▸ **THE PROBLEM**
Nothing but a verbatim copy of the data, minus the images, should be returned.

▸ **MATERIAL PROVIDED**
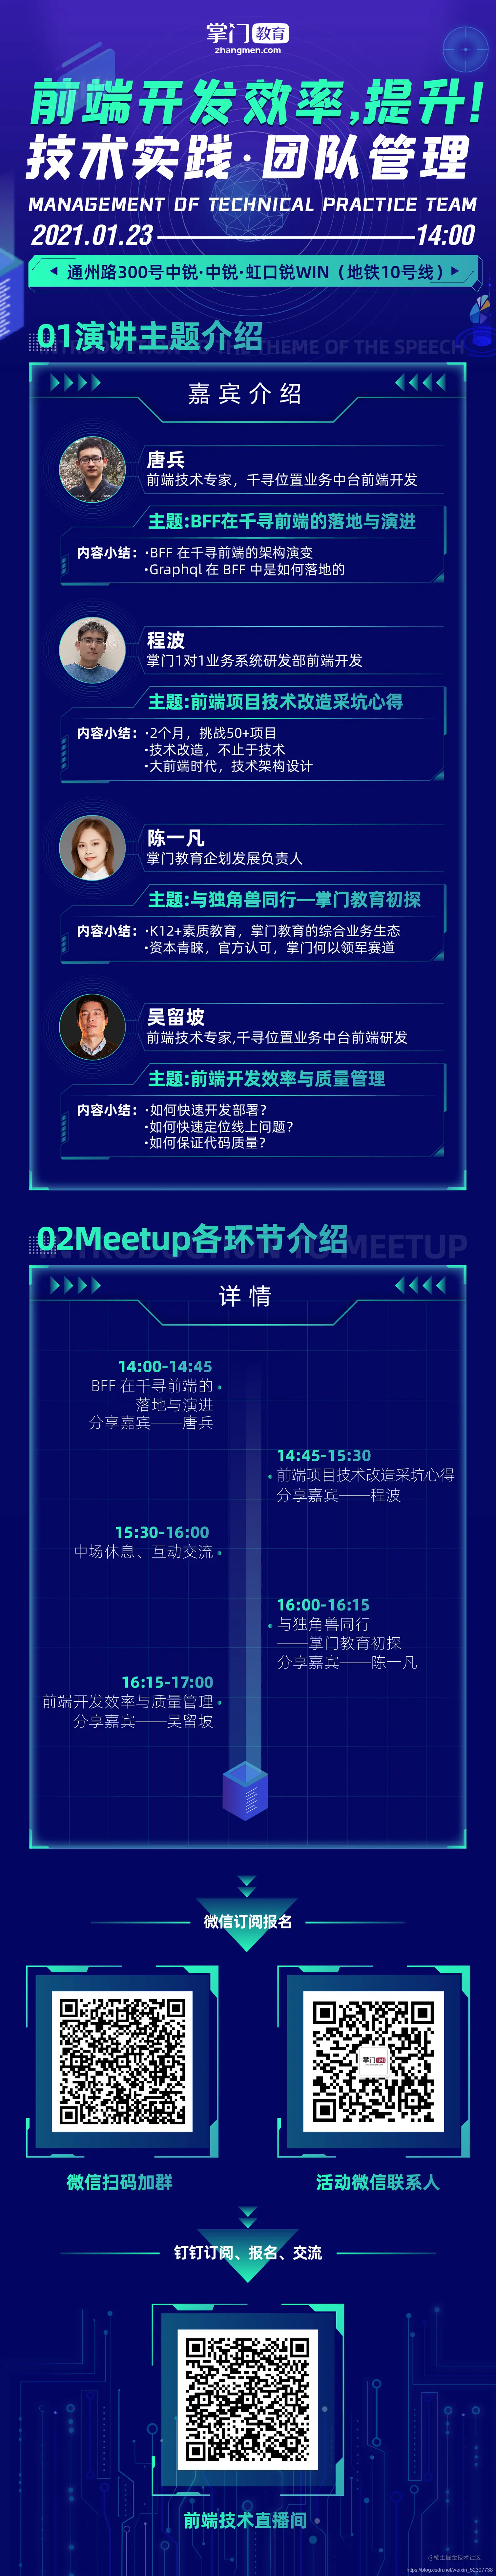 meetup邀请海报
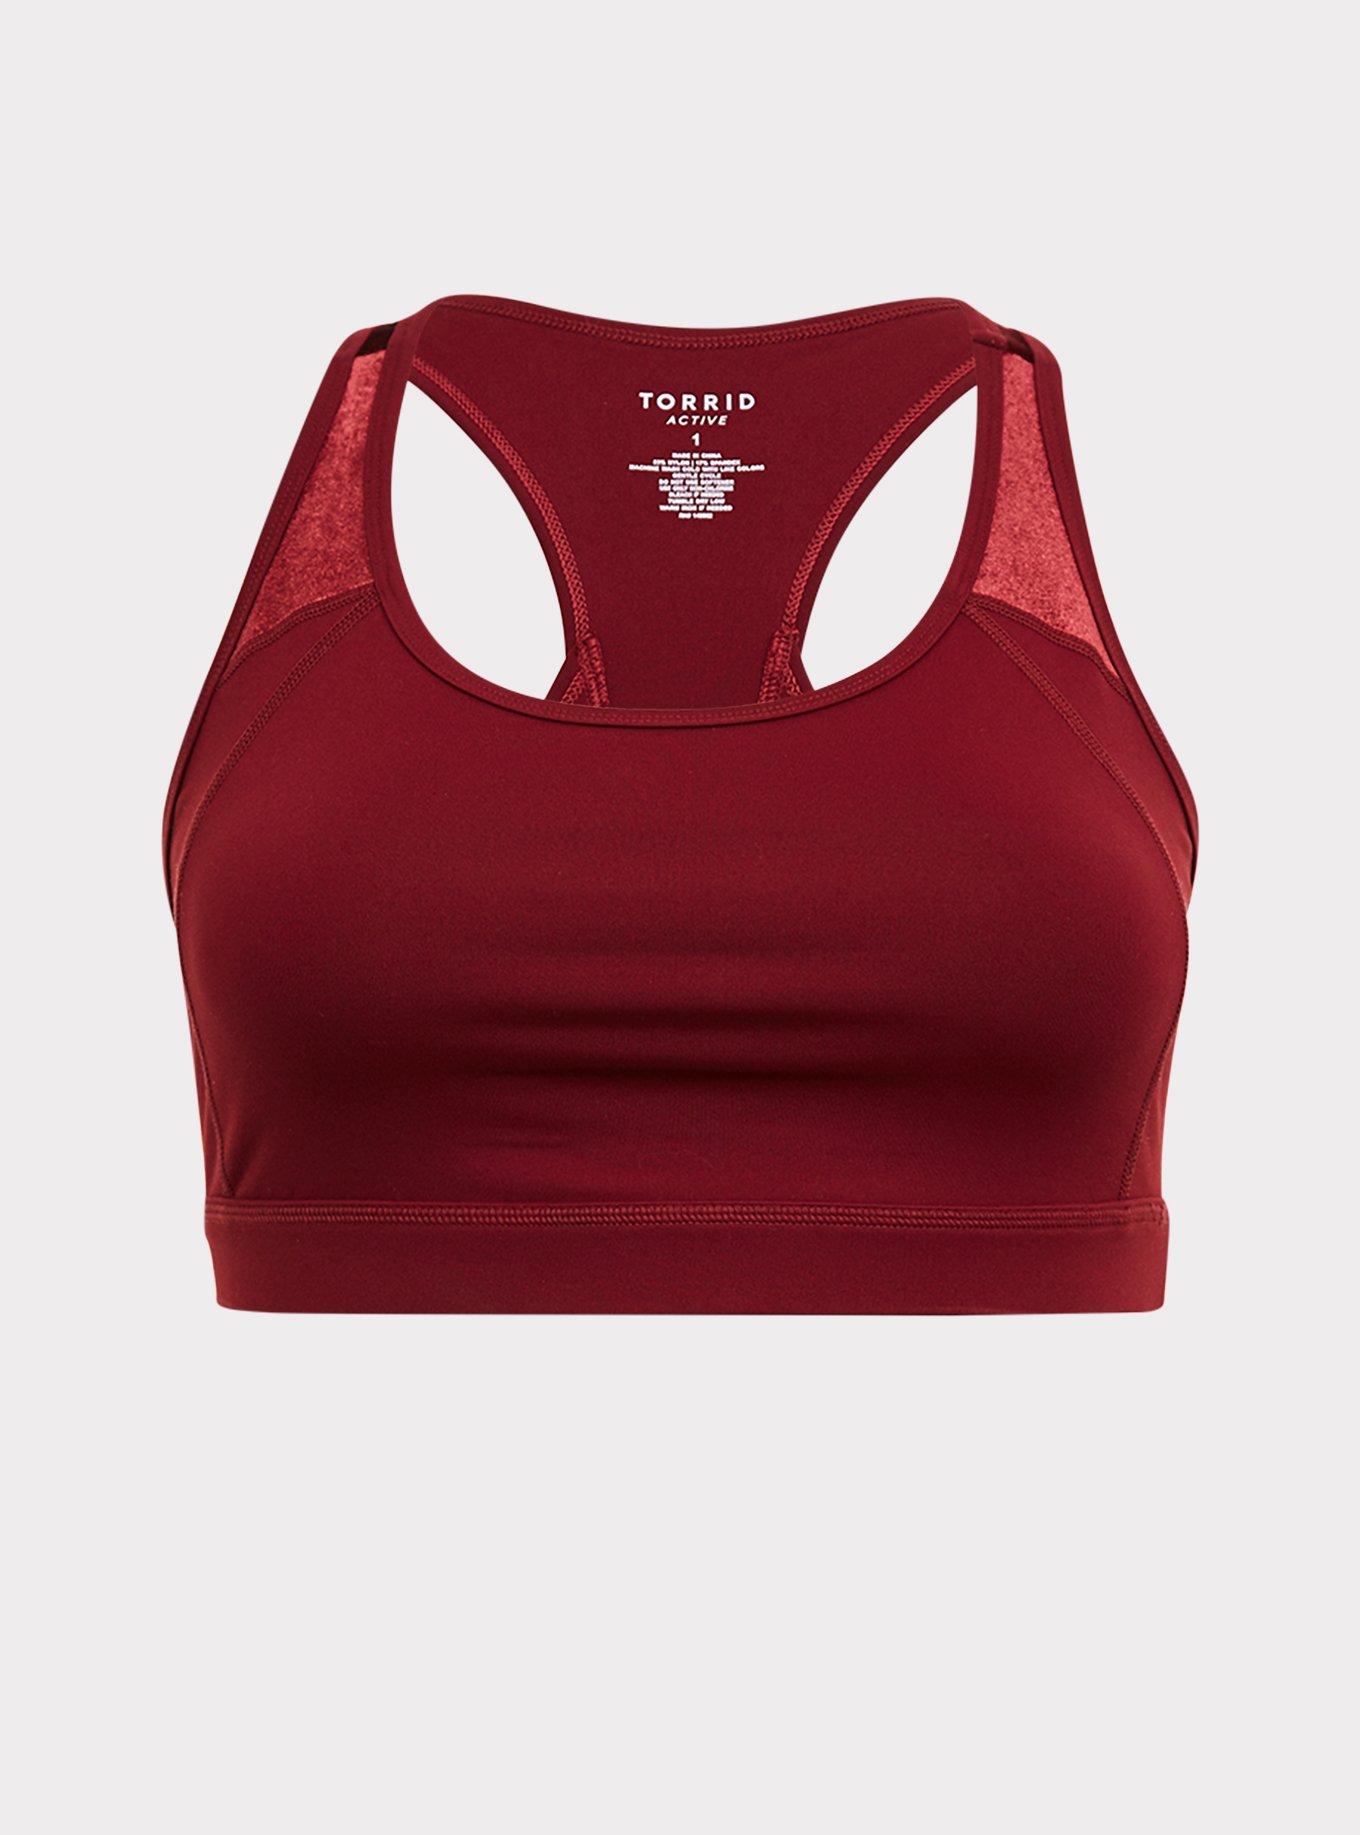 Plus Size - Burgundy Red Velvet Inset Wicking Active Sports Bra - Torrid
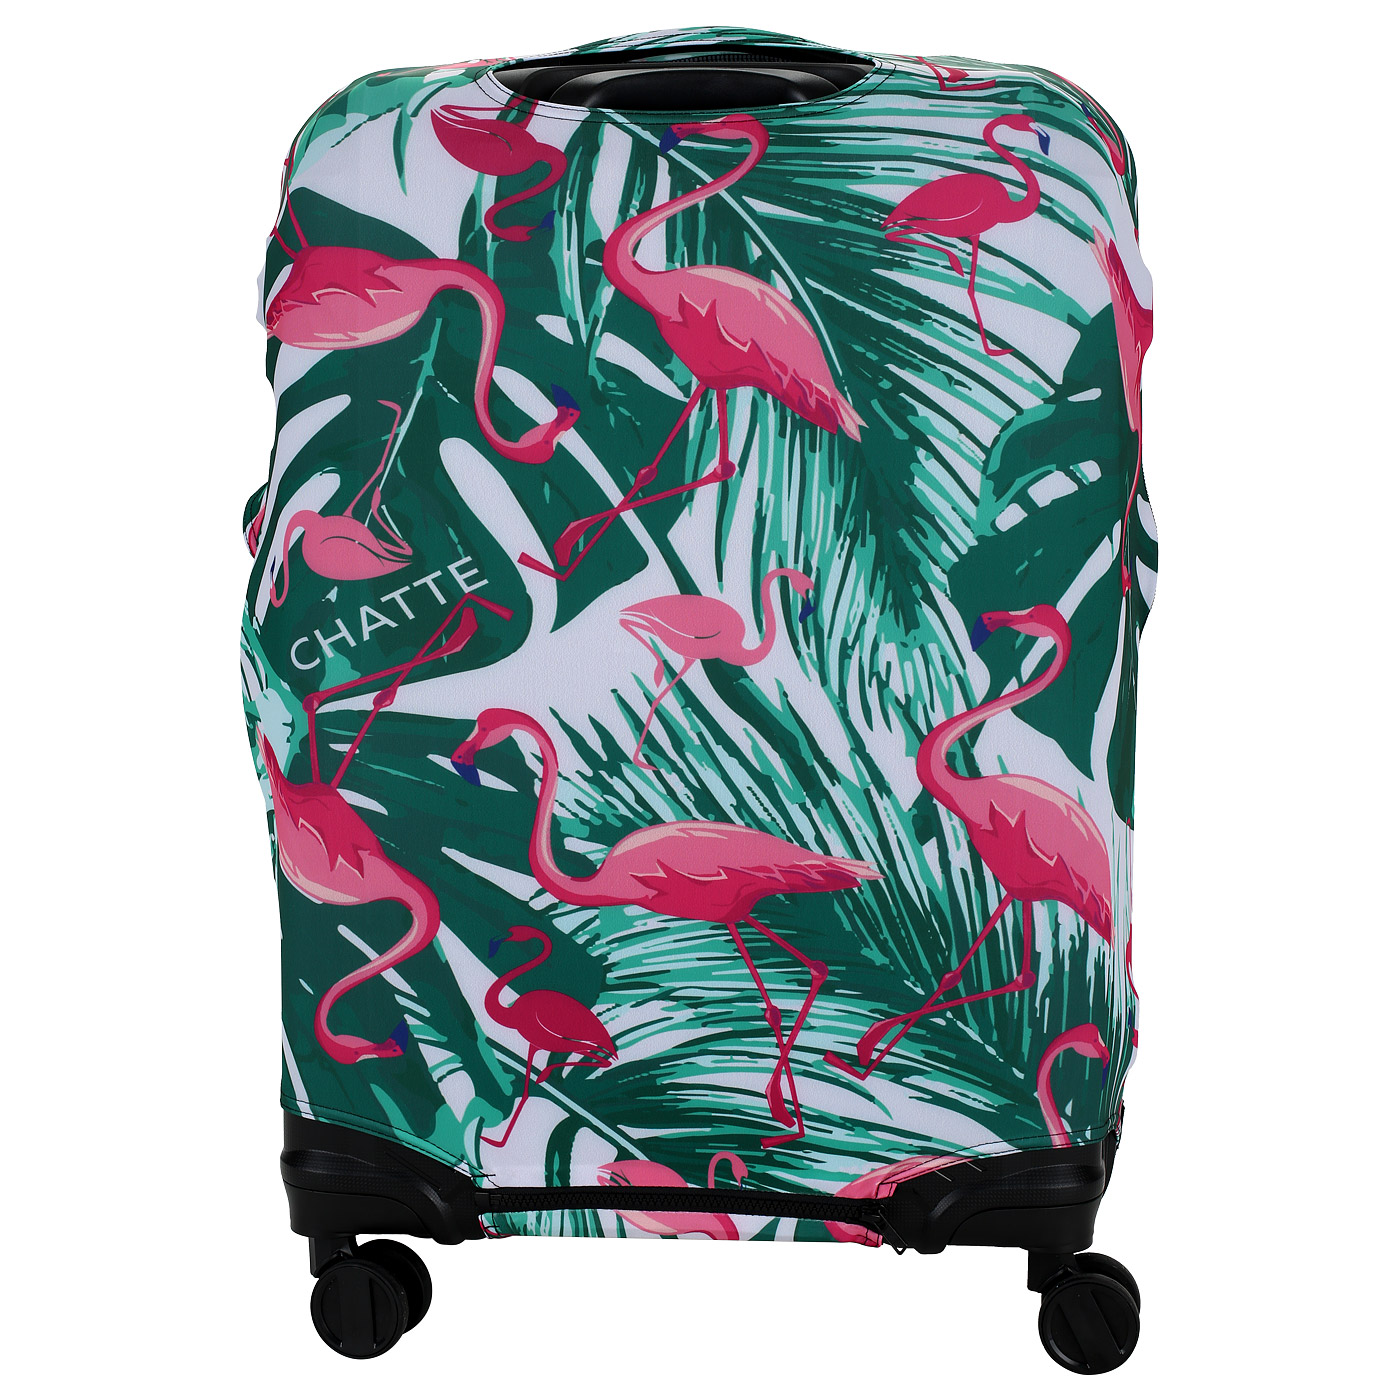 Чехол с принтом для большого чемодана Chatte Flamingo

▸ **RESPONSE**
 meetup邀请海报
 Plus Size - Burgundy Red Velvet Inset Wicking Active Sports Bra - Torrid
 Чехол с принтом для большого чемодана Chatte Flamingo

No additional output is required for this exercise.